A variety of regression techniques are covered throughout the course, beginning at the beginning with simple linear regression, while progressing towards multiple regression, ridge regression, lasso, k-nearest neighbors regression, and kernel regression. Along the way, measures for assessing performance such as RSS and cross validation are explained as well.
Unlike the survey course (course one), in Machine Learning: Regression, students have the chance to implement these techniques as well as use pre-implemented versions. I found that I came away understanding each of these algorithms much better than I did going into the course as a result of having to do these implementations myself, although there still were one or two (specifically I’m thinking lasso), where I was pretty reliant on the hints and starter code provided for building the actual implementation of the algorithm.
Once again, this entire specialization is conducted in Python, and Jupyter (iPython) notebooks are used throughout. I find that having a lot of structure with starter code is a blessing and a curse. It does keep you from getting too far off track, but there is also the reality that with less ability to wander, you may not learn certain things as well. For the most part, I think Guestrin and Fox walk this fine line pretty well.
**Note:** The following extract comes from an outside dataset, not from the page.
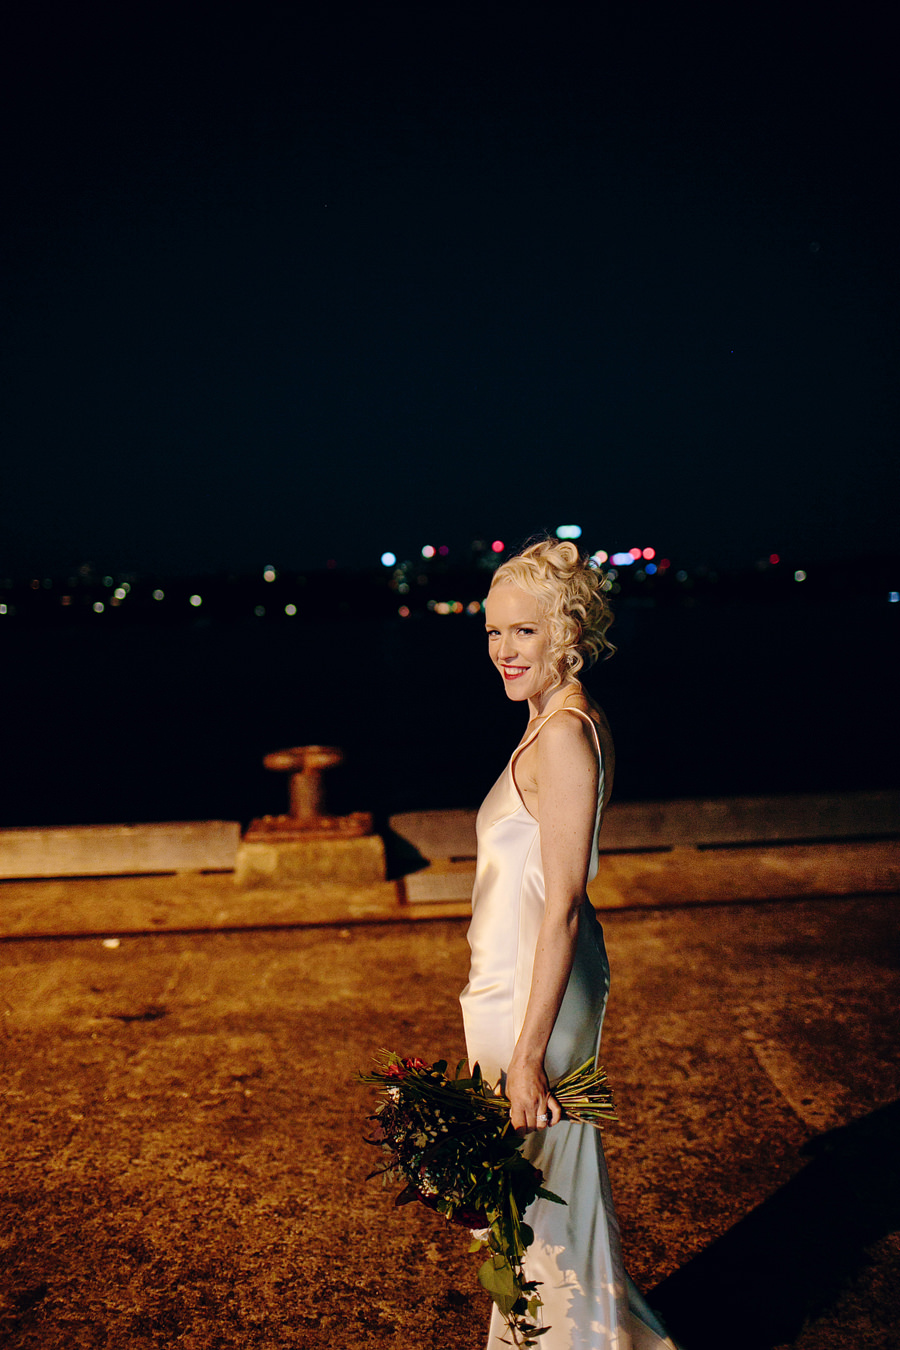 Sydney Wedding Photography: Portraits

As in course one, Graphlab from Guestrin’s company Dato was used throughout. To their credit, this time the instructors made it easier to do the work with other modules such as Pandas and SciKit Learn by making the data available in non-Graphlab formats from day one. I saw posts on the class forums that indicated there were students doing the work with other tools, but from perspective, since the notebooks were already written to leverage Graphlab, I really didn’t want to reinvent the wheel and stuck with that. This was less of an issue in the assignments that required students to implement a machine learning algorithm, since those assignments were light on Graphlab, and heavy on Numpy anyway.
Bottom Line Machine Learning: Regression Review
I said in my review of the first course in this specialization that I was definitely going to stick around for another course to see what I got out of it. At this point, I’m in for the duration. These courses are a nice mix of techniques and tools that I already have familiarity with and those that I’m less experienced with. The teaching style is great, and I’m finding that even when techniques are covered that I’m already familiar with, it’s far from a waste of my time. I come away with a better understanding both of the theoretical underpinnings and applications of the machine learning techniques being addressed.